Data extracted from a collection
--- --- ---

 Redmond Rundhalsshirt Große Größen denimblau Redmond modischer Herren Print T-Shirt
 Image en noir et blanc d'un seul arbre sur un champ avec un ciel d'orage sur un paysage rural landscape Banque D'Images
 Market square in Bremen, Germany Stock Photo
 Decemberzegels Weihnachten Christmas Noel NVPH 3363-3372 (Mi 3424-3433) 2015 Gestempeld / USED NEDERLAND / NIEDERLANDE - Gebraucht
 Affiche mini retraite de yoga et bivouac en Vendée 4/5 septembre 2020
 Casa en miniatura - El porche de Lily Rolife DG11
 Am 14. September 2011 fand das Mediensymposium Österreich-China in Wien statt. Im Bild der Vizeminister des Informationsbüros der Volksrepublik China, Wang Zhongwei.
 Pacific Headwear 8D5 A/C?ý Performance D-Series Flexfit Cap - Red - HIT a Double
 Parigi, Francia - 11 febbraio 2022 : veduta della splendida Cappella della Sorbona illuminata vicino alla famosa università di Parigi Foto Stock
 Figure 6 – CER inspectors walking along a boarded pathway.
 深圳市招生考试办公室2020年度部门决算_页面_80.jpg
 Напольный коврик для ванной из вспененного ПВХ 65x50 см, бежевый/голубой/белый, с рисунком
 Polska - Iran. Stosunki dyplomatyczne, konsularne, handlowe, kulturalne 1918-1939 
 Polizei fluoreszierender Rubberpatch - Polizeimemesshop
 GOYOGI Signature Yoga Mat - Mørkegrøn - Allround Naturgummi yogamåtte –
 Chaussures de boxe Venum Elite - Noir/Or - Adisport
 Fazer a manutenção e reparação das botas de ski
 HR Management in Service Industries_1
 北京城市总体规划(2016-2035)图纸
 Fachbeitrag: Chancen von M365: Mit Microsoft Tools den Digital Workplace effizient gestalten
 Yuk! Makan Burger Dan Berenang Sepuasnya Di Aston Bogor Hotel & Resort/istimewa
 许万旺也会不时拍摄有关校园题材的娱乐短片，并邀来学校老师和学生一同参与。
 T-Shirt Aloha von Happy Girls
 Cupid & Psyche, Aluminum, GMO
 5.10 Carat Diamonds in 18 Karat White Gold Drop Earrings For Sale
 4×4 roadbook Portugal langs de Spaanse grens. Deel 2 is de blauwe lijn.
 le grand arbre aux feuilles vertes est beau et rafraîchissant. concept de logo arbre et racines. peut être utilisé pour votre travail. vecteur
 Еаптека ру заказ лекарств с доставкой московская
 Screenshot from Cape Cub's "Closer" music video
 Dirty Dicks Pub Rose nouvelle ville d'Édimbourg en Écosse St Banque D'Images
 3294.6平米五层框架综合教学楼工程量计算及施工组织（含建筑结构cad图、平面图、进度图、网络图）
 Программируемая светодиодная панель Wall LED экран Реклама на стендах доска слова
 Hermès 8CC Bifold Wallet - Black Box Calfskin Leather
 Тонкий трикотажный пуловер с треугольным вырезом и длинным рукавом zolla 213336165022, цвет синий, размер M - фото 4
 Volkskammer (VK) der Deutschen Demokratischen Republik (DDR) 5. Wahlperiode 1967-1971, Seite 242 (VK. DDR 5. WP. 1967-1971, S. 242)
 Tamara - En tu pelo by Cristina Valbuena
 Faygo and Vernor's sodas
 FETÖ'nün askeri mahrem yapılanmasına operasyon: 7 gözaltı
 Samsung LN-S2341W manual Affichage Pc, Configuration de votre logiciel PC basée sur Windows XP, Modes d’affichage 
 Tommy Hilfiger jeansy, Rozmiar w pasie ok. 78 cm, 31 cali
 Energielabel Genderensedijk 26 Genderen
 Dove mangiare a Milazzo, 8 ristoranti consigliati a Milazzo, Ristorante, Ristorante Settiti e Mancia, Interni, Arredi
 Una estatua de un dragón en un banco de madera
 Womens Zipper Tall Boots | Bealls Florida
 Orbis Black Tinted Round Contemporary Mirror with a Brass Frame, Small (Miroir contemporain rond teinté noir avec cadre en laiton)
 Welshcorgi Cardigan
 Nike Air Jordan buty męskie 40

--- --- ---

* Task details *
Locate the lines above that contain "Images" and copy them.

* Solution below *
 Image en noir et blanc d'un seul arbre sur un champ avec un ciel d'orage sur un paysage rural landscape Banque D'Images
 Dirty Dicks Pub Rose nouvelle ville d'Édimbourg en Écosse St Banque D'Images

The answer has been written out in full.